Dataset excerpt:
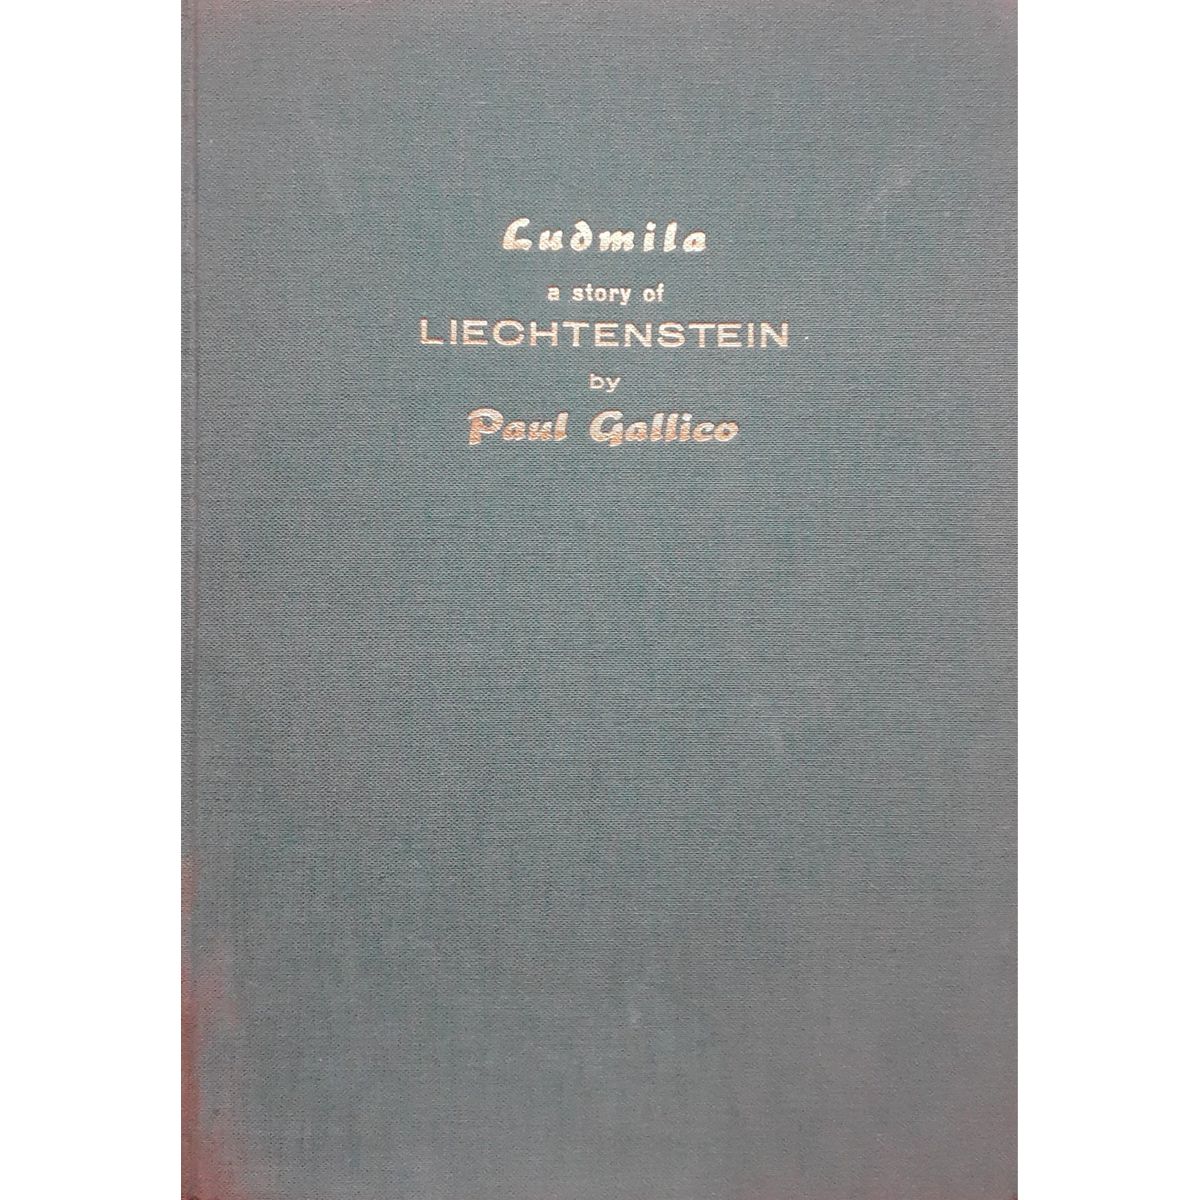 Ludmila: A Story of Liechtenstein by Paul Gallico, 4th Impression [1960]
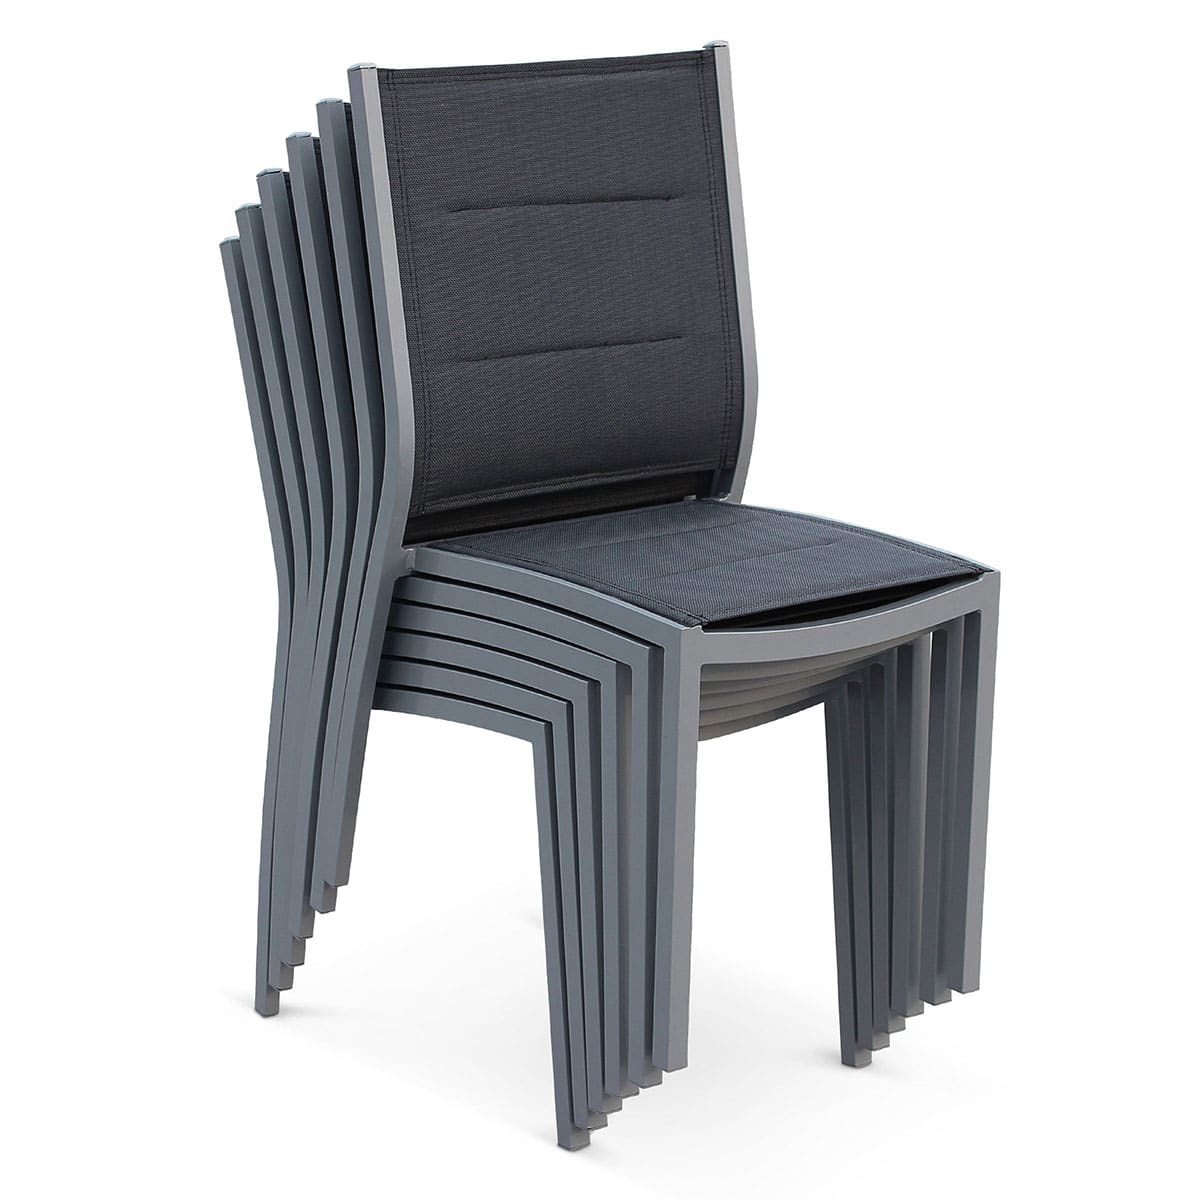 CHICAGO aluminium chairs
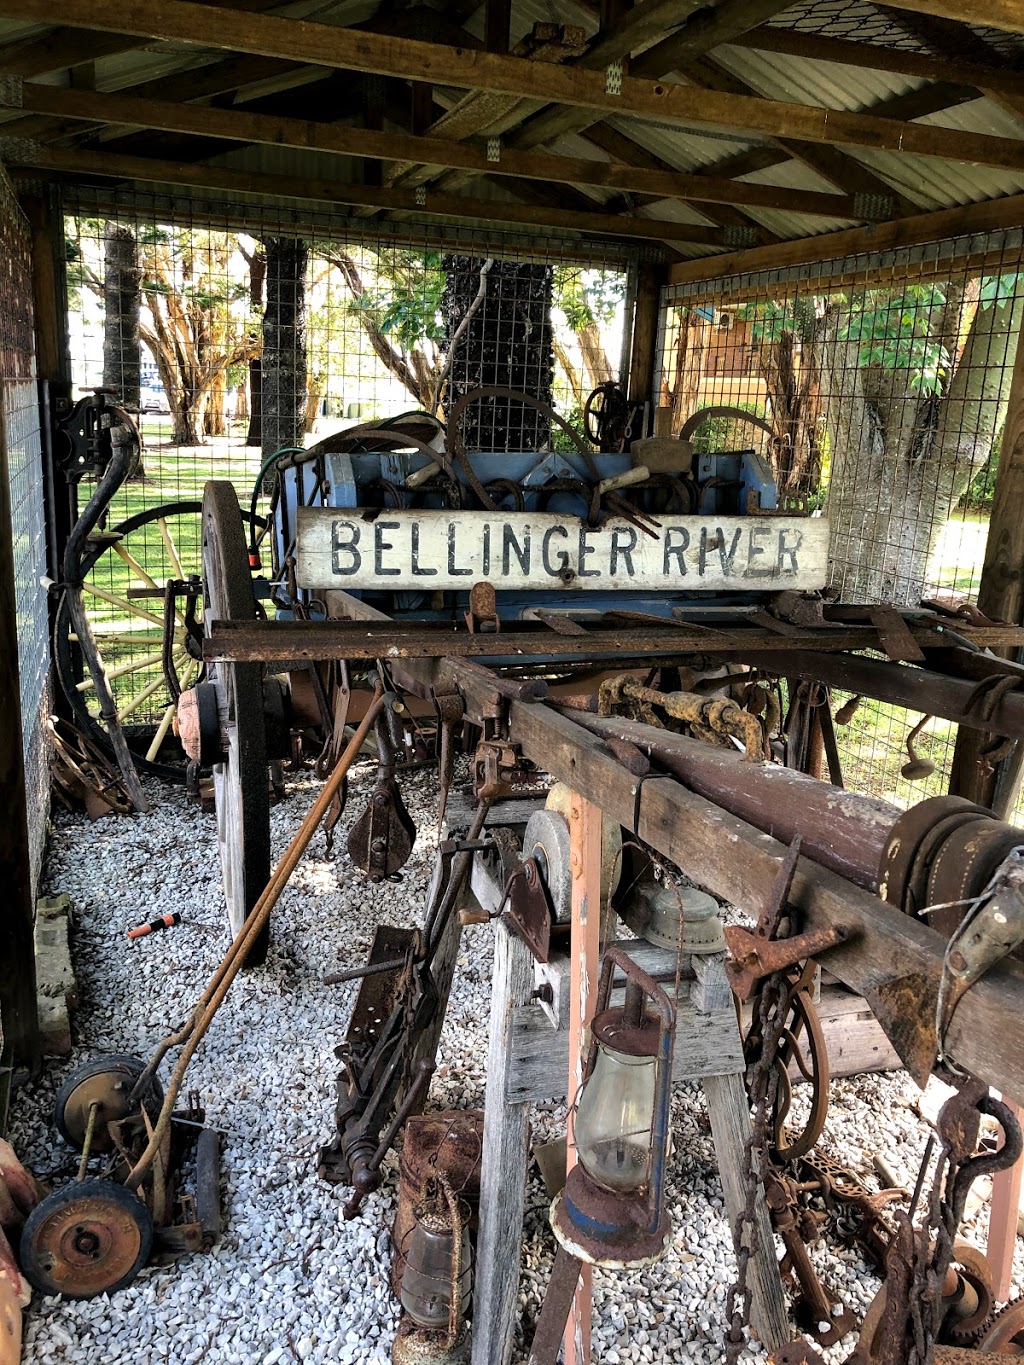 Urunga Museum - Bellinger Valley Historical Society | museum | 33 Morgo St, Urunga NSW 2455, Australia
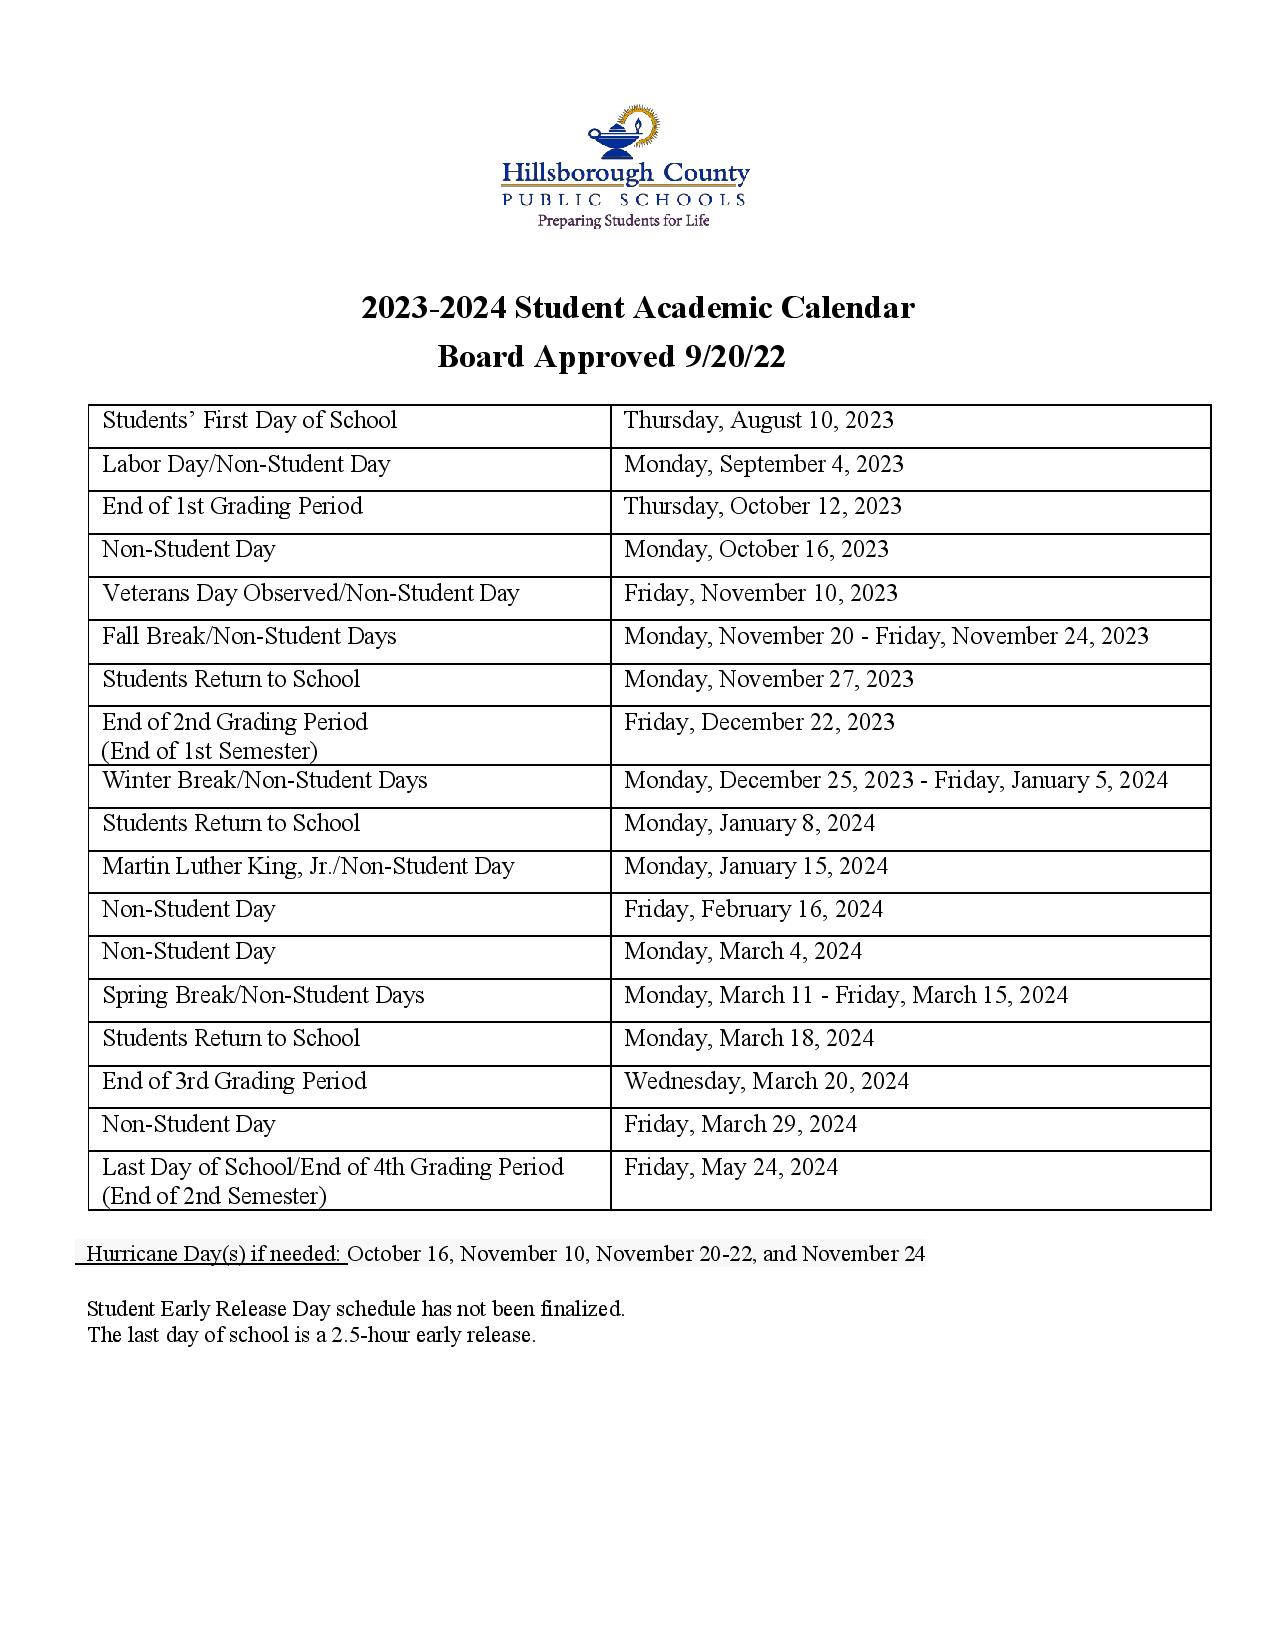 Hillsborough County Public Schools Calendar

Directions: Produce an exact copy of the lines from the line with "Urunga Museum - Bellinger" through the last line of the data above, both ends included. No pictures belong in it.

Solution for this exercise:
 Urunga Museum - Bellinger Valley Historical Society | museum | 33 Morgo St, Urunga NSW 2455, Australia
 Hillsborough County Public Schools Calendar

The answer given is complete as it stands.